This report extends the insights described in Report #5 and shows that several common conclusions about LENR are wrong. These errors have handicapped efforts to achieve reproducibility and have lead several theories in the wrong direction.

PROGRESS-REPORT-6 Additional behavior of pure PdD (1.3Mb)

Temperature plays a significant role in affecting the amount of power produced by LENR. The activation energy for power production is very similar to the activation energy for diffusion of D in PdD. This behavior is consistent with my theory in which temperature is described as helping D reach the NAE by diffusion through the surrounding lattice.

Comments are welcome.

Figure 9 from Progress Report #6 showing surface of the Pd cathode after the study.
Figure 9 from Progress Report #6 showing surface of the Pd cathode after the study.
Figure 10 from Progress Report #6 shows surface of Pd before the study.
Figure 10 from Progress Report #6 shows surface of Pd before the study.

Read more from PROGRESS-REPORT-6 (1.3Mb)

See also:

Progress Report #6

Progress Report #5

Progress Report #4

Progress Report #3

Progress Report #2

Progress Report #1

22 thoughts on “Progress Report #6

  1. Dave, for some reason, we are not understanding each other and describing Nature in the same way.

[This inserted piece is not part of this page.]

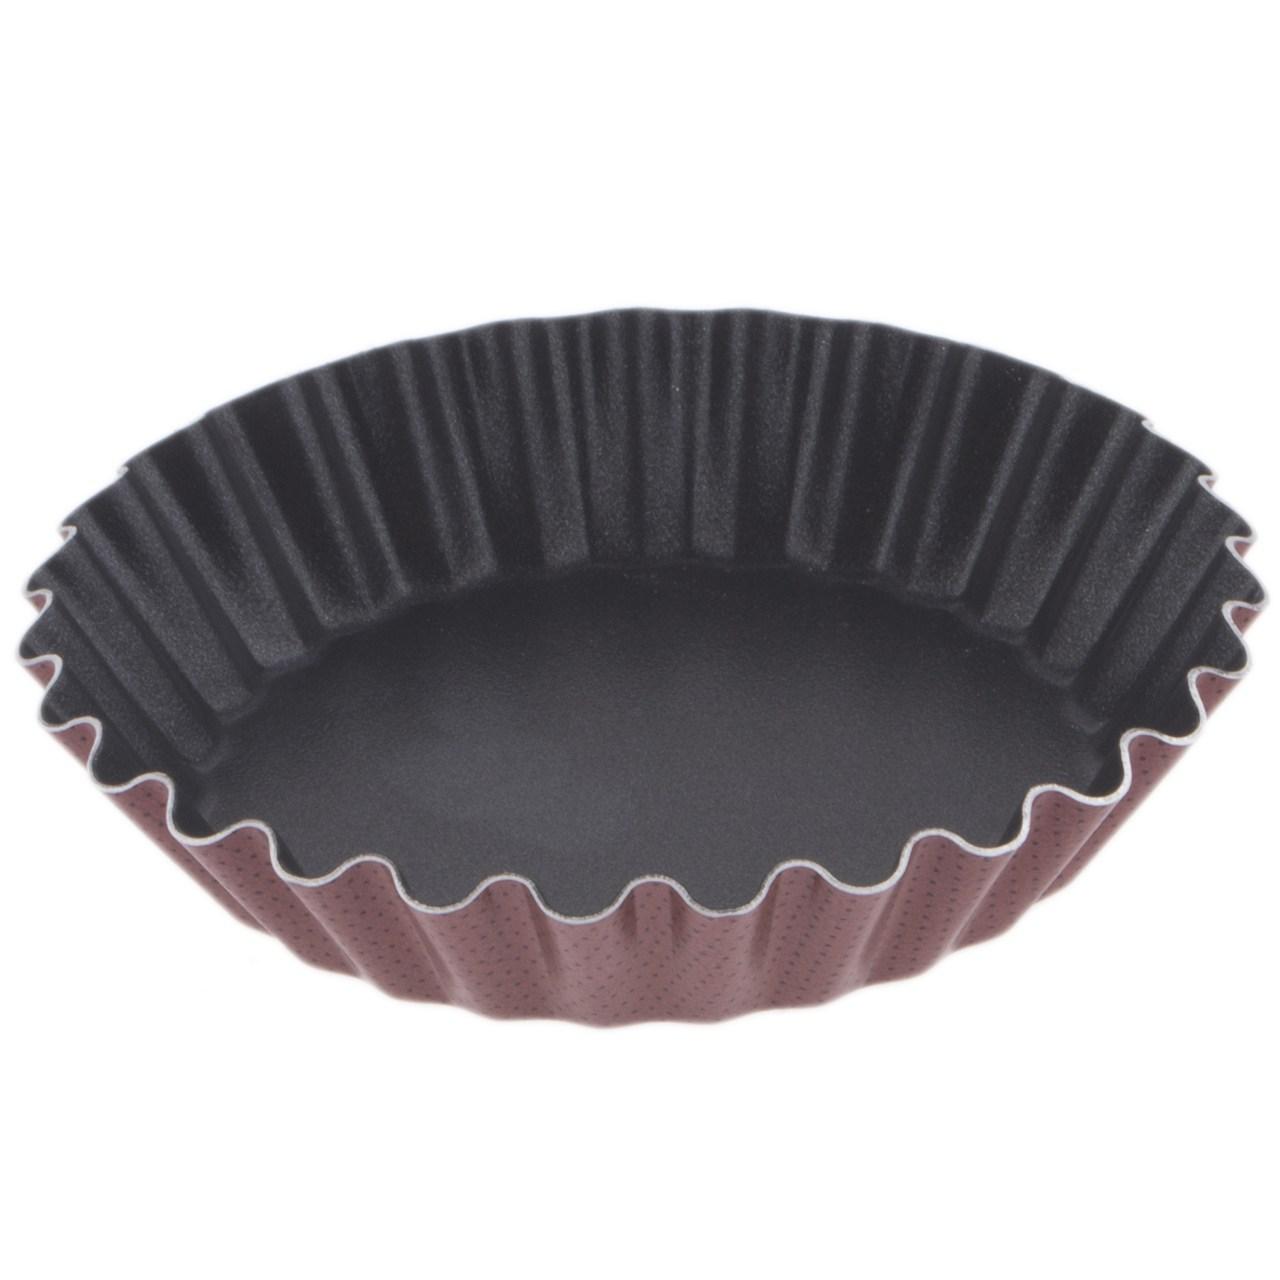 قالب کیک تارت تفال مدل New Patisserie سایز 11 بسته 4 عددی

You seem to have difficulty understanding what I describe and I have the same problem with your descriptions.

    I find that temperature is a variable that can change the rate of heat production. The rate is charged because temperature allows the D to reach the site of the nuclear reaction more rapidly. The temperature is determined only by how fast heat is added to the system compared to how fast it can leave. In my case, I make no effort to slow the rate energy leaves. Nevertheless, the amount of energy needed to achieve the temperature is arbitrary and depends only on cell design.

    I hope this explanation is clear.

    1. Ed, I think I realize why we seem to be on different pages. You are mainly interested in characterization of the metal containing the deuterium whereas I have been mainly considering the overall system.

      It is important to understand the behavior of the materials as you are so well determining. That information will need to be incorporated into a complete product some day, which is where I have been concentrating my efforts.

      Both of these paths are vitally important and necessary. Please keep me informed about your progress. I hope that you will find time to answer any future question which may arise from my research pertaining to your work. Thanks!

  2. Dave, you are attempting to use the data to create an isoperibolic calorimeter. This can be done and I have data making such an approach is possible. However, this method is filled with error because temperature gradients exist in the system. Therefore, such an approach is a waste of time unless I can create much more excess power- enough to overwhelm the errors. The Seebeck method does not rely on the temperature in the cell or in the calorimeter. Therefore, it is accurate and is the preferred method.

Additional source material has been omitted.